= TASK MATERIAL =
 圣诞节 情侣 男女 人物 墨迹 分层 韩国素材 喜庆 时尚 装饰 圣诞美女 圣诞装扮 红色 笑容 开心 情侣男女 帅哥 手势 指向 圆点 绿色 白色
...
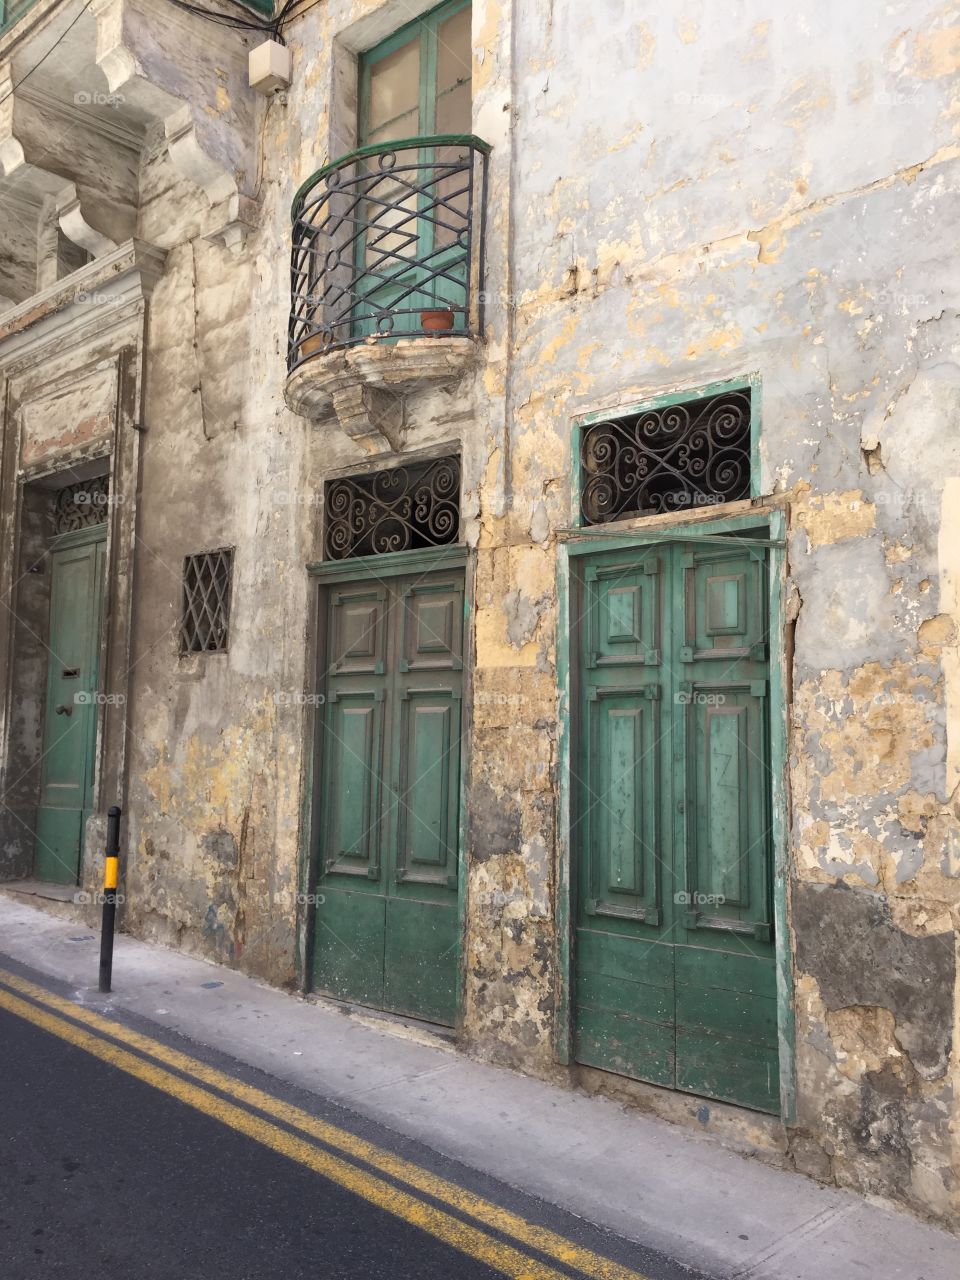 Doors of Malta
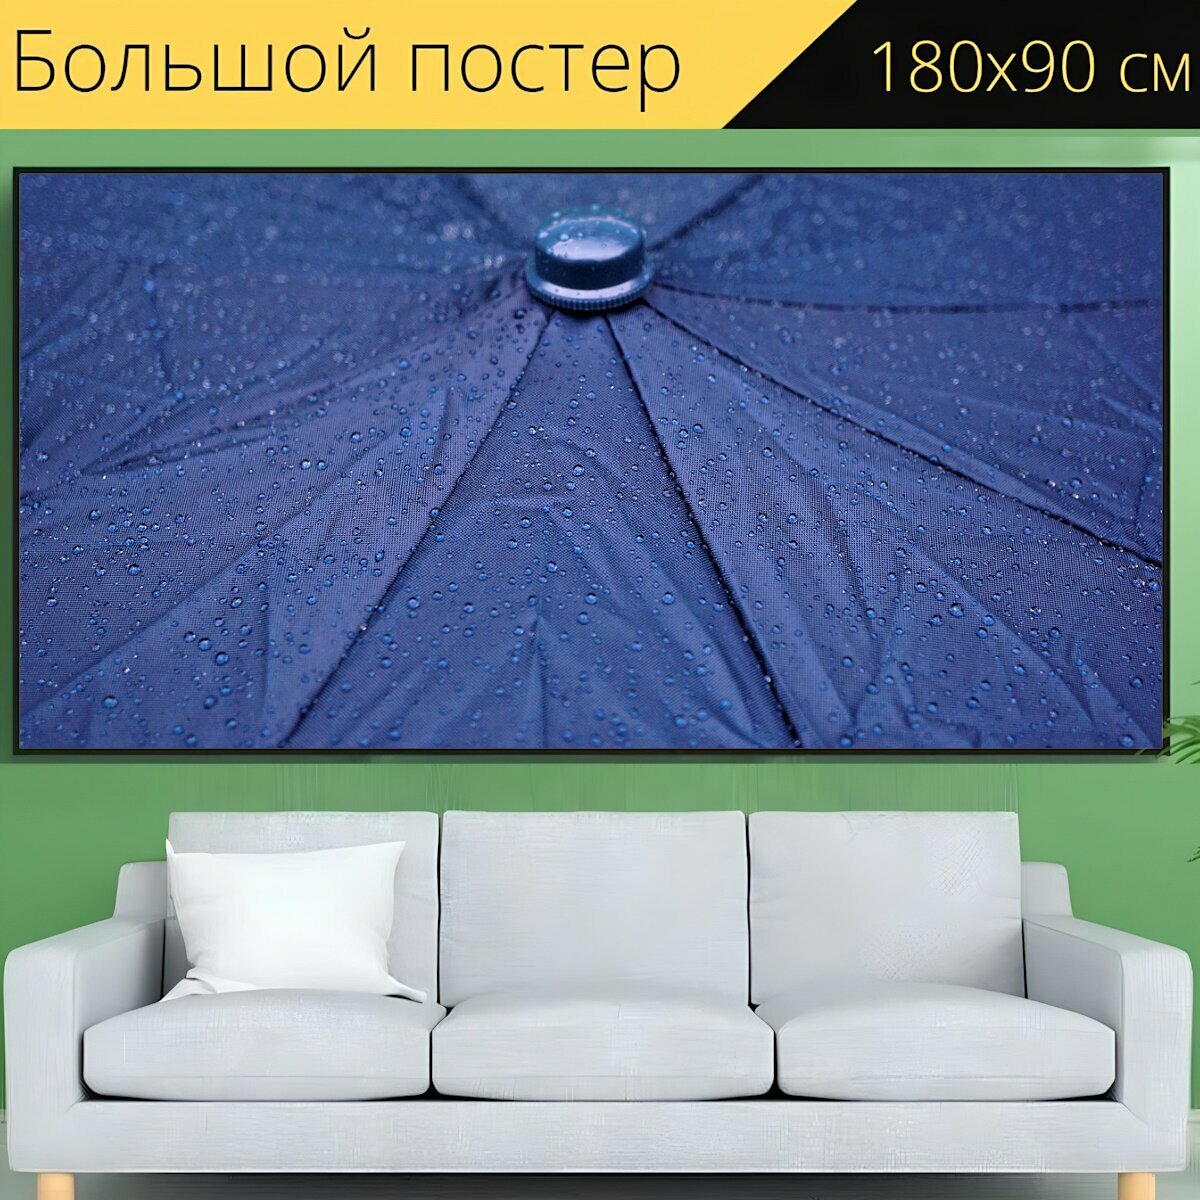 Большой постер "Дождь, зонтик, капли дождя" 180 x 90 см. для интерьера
==
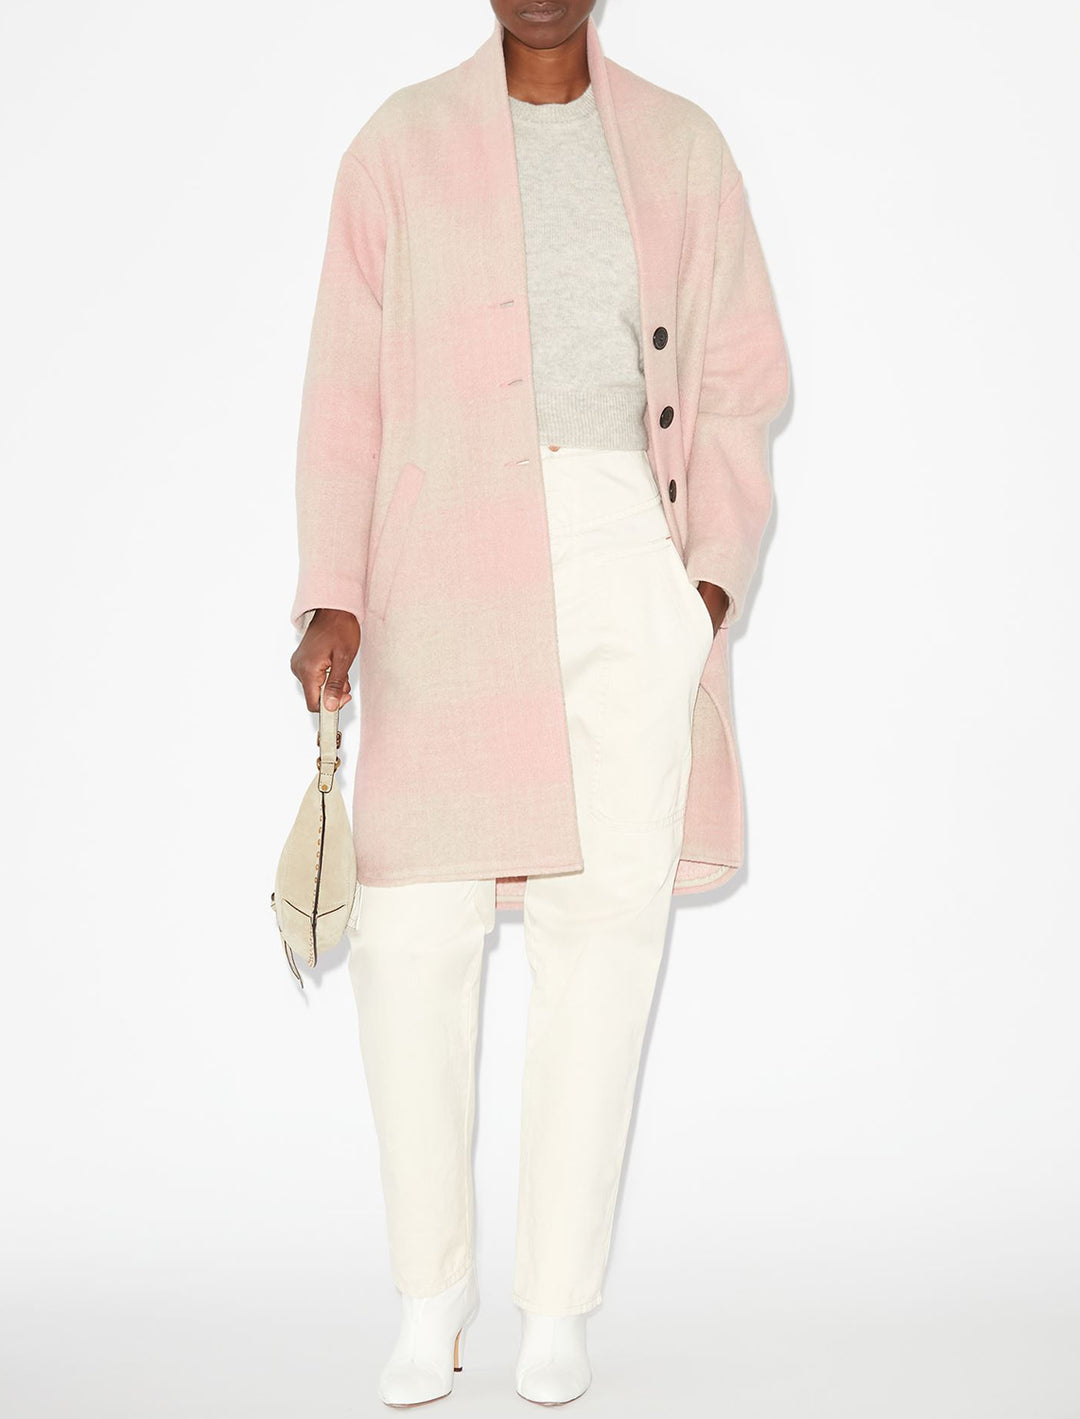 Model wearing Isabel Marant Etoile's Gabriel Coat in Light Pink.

= WHAT NEEDS TO BE DONE =
The answer must be the part of the records that opens with the line containing "Doors of Malta" and closes with the line containing "см. для интерьера", reproduced exactly, with no pictures.

= ANSWER BOX =
 Doors of Malta
 Большой постер "Дождь, зонтик, капли дождя" 180 x 90 см. для интерьера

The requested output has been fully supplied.